Валерия Пришвина - Невидимый град
Александр Васильевич, как и большинство молодых людей его поколения, жил в сфере политико-экономических теорий и с этой позиции разрешал все вопросы жизни. Ближайшим товарищем его по институту был студент Абрамов, по убеждению марксист. Оба друга этой осенью решили вступить в партию большевиков. В Институт Слова Александр Васильевич поступил с единственной целью развить в себе ораторские навыки, необходимые для предстоящей общественной работы — был он от природы неречист. И вот встреча с девушкой, живущей в непонятном для нее самой могучем мире поэзии, перевернула все существо Александра Васильевича. Для меня эта встреча была находкой дружеской руки, всегда готовой на поддержку. Для него — откровением и полным переворотом жизни. Так началась у Александра Васильевича его большая любовь, причинившая нам обоим в жизни много страданий. Кооперация, политическая работа, экономика, партия — все оказалось ненужным. Он почел лишним даже сдать единственный оставшийся ему экзамен и бросил на ветер свой диплом. Он с головой утонул в поэзии, музыке, философских диспутах, где бы они ни велись, в чтении со мной всего, что нам удавалось достать по метафизике, начиная с Платона и кончая последними предреволюционными русскими мыслителями: Флоренским, Булгаковым, Бердяевым, Розановым, Франком{74}, Шпетом{75}, Трубецким, Эрном{76}. Мы читали, кроме того, запоем мистико-аскетическую литературу всех веков христианства: Блаженного Августина, Беме{77}, Сведенборга и, наконец, напали на новый источник, заставивший нас бросить дальнейшие поиски: это были сочинения подвижников древнего православия, так называемая святоотеческая литература, изданная в пятитомном собрании «Добротолюбие».

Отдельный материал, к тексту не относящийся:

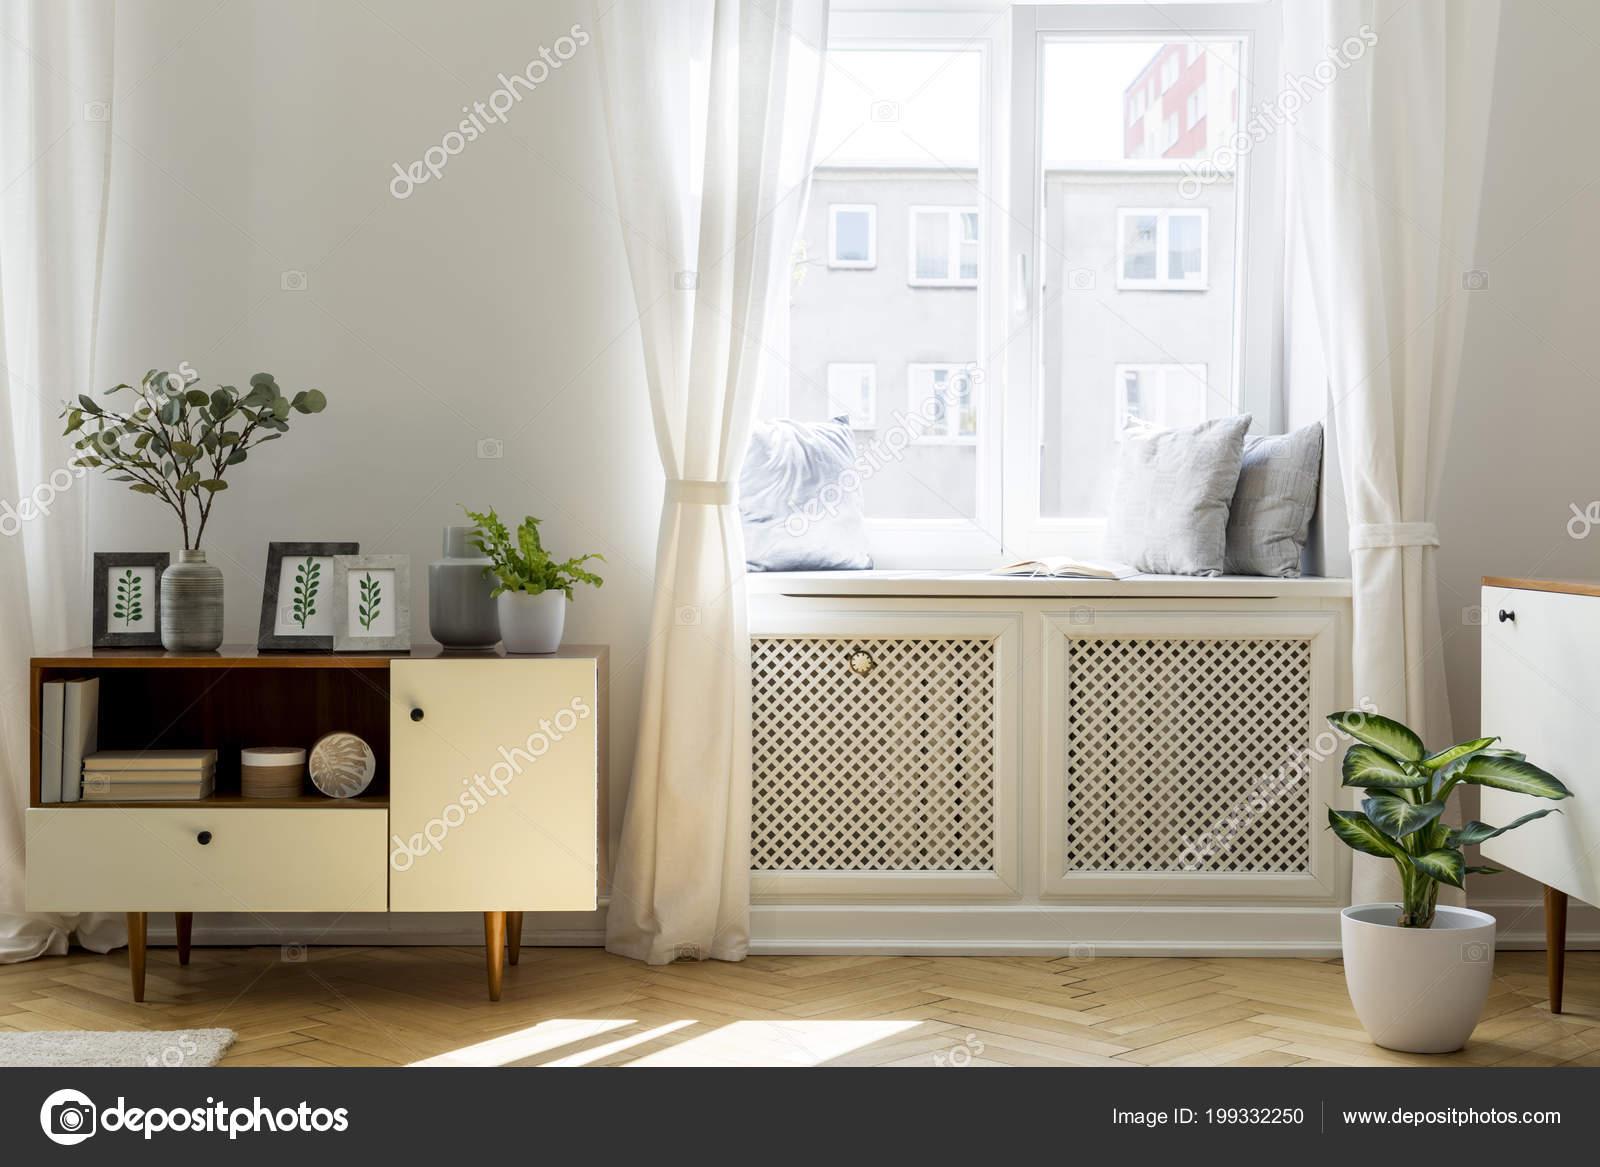 Plant houten kast witte woonkamer interieur met venster echte foto

Подвижники-аскеты не столько умозрительно рассуждали о метафизике и богословии, сколько рассказывали о своем практическом опыте приближения к истине путем переделки своей собственной природы и указывали дверь в существующий, по их утверждению, рядом с нами иной, совершенный мир. Это был новый путь, он казался нам непосильным, на него мы и не дерзали вступать, но мы узнали о его существовании.
В жизни случались события, пережитые как бы вскользь, но теперь, когда жизнь как на ладони, они оказываются вехами на пути. Таким мне запомнился обычный день и разговор с Александром Васильевичем или, скорее, с самой собой — я всегда тревожилась, как бы его не забыть.
Мы шли по Яузскому бульвару самой ранней весной. Вероятно, шли из Подкопаевского детского приемника, откуда я брала детей в детский дом. Пишу это сейчас по памяти — запомнился только разговор, так скажу и в отношении всего в жизни пережитого: плохо помню события, обстановку, даты, но врезаются навеки мысли, слова и переживания.
Мы говорили в тот раз о страдании мира. «Я не могу быть несчастна!» — сказала я. Не помню ответов Александра Васильевича, но отчетливо запомнился идущий в собственном сознании внутренний разговор: «А как же личные страдания? — Какие бы страдания меня ни ждали! — Как же можно оправдать такой оптимизм? — Можно, потому что я верю в окончательную победу. — Сколько горя, несчастья, крови вокруг. — Вижу. Но надежда — это тоже реальность, только с нею и стоит жить. — Это безумие! — Нет, это — исповедание Бога». Когда это началось во мне? Я думаю, в канун Троицы в детстве: тополевая веточка вместо жертвенной свечи у Распятия{78}.
Через несколько лет (каких лет! и они уже стоят у порога) в 1929 году я скажу другому другу, о существовании которого еще не знаю: «Помни, какие бы страдания нас с тобою ни ждали, мы самые счастливые на земле».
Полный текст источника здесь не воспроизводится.